-- Opening Marker --

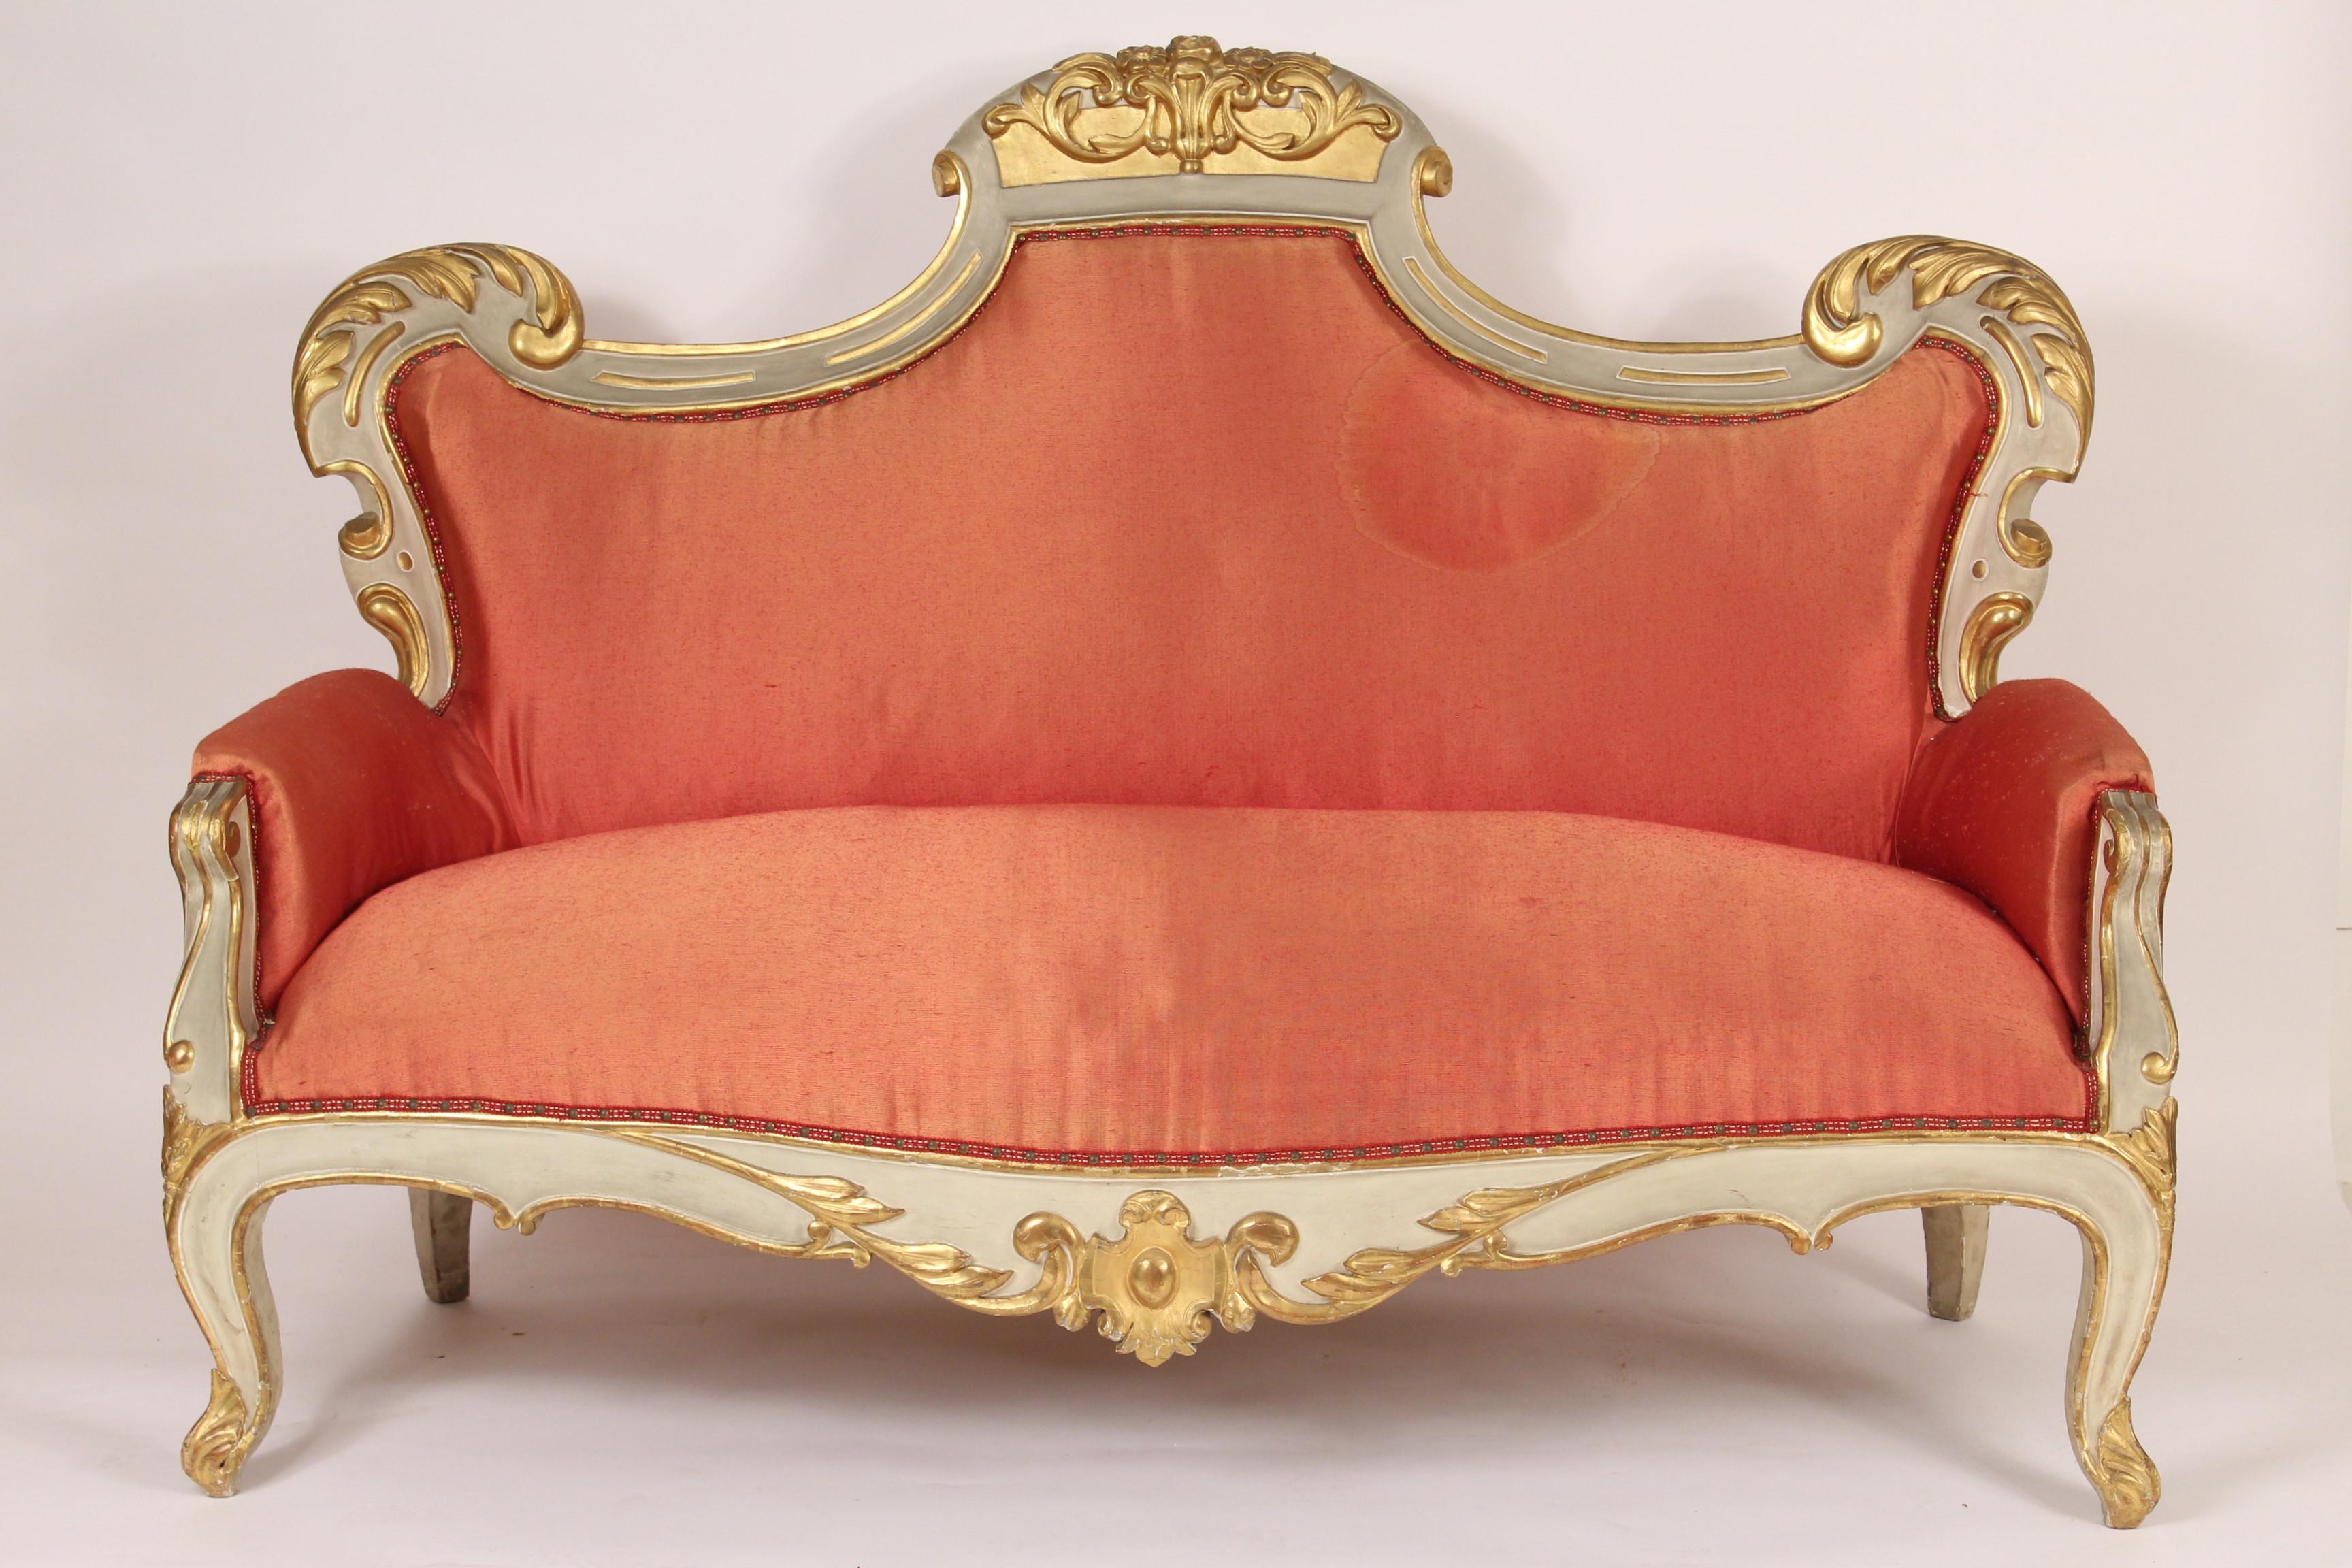 Napoleon III painted and partial gilt sofa / settee, circa 1870. The gilding on this sofa is gold leaf. The sofa has a deep seat that makes it comfortable to sit on.
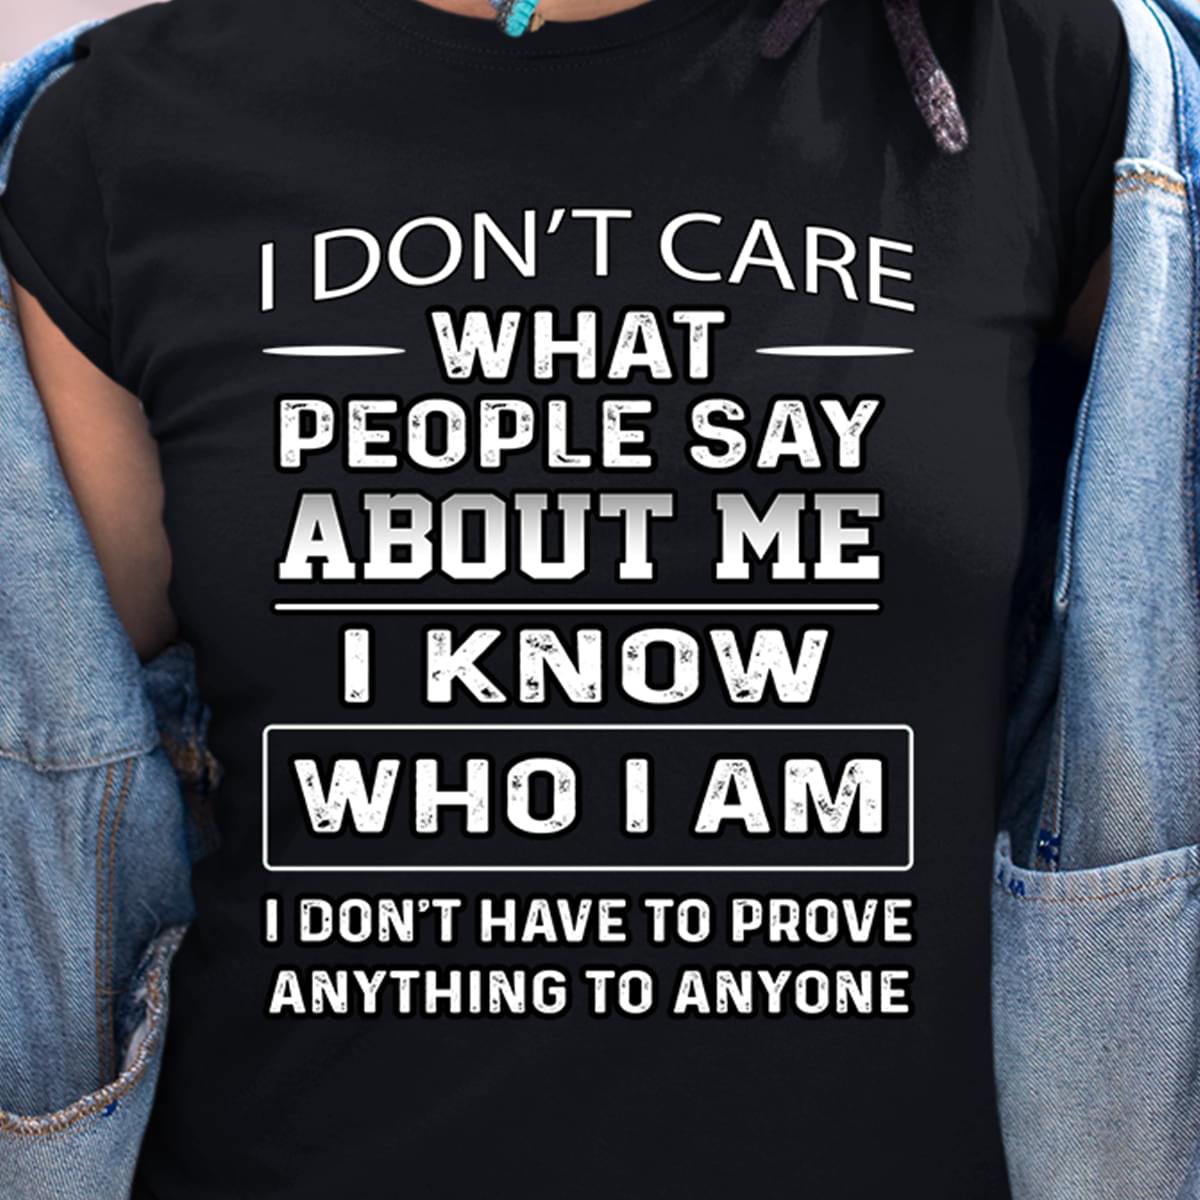 I Dont Care What People Say About Me I Know Who I Am I Don't Have To Prove  Anything To Anyone Cotton T-Shirt
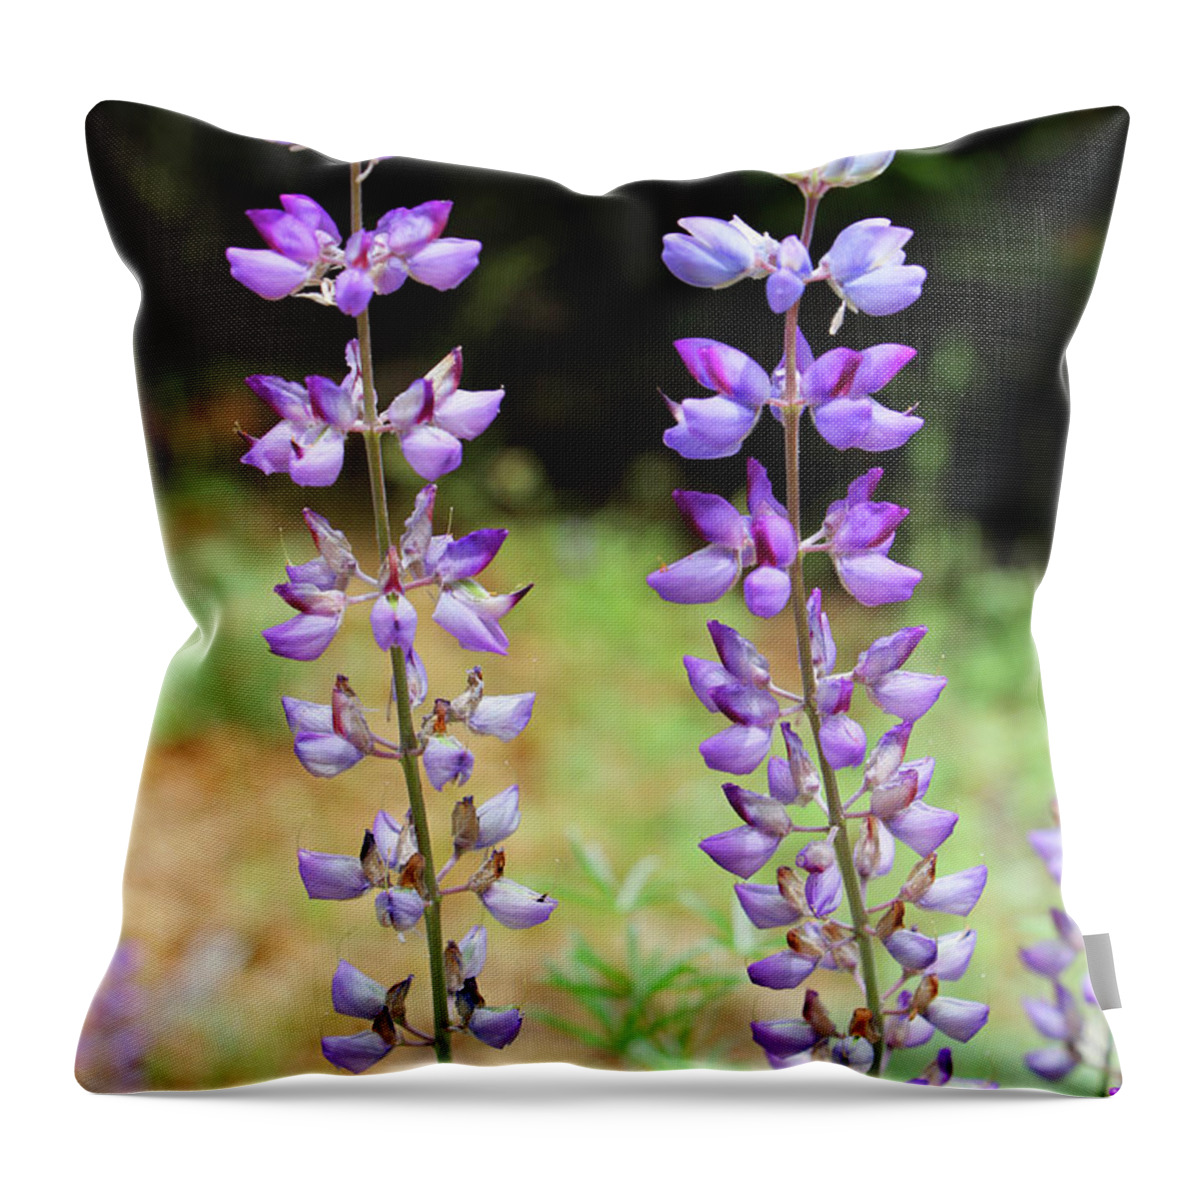 Lupine Throw Pillow featuring the photograph Lupine by Sierra Vance

-- Closing Marker --

What to work on
Set out the material once more, exact in every line, with no images.

Exercise response
 Napoleon III painted and partial gilt sofa / settee, circa 1870. The gilding on this sofa is gold leaf. The sofa has a deep seat that makes it comfortable to sit on.
 I Dont Care What People Say About Me I Know Who I Am I Don't Have To Prove  Anything To Anyone Cotton T-Shirt
 Lupine Throw Pillow featuring the photograph Lupine by Sierra Vance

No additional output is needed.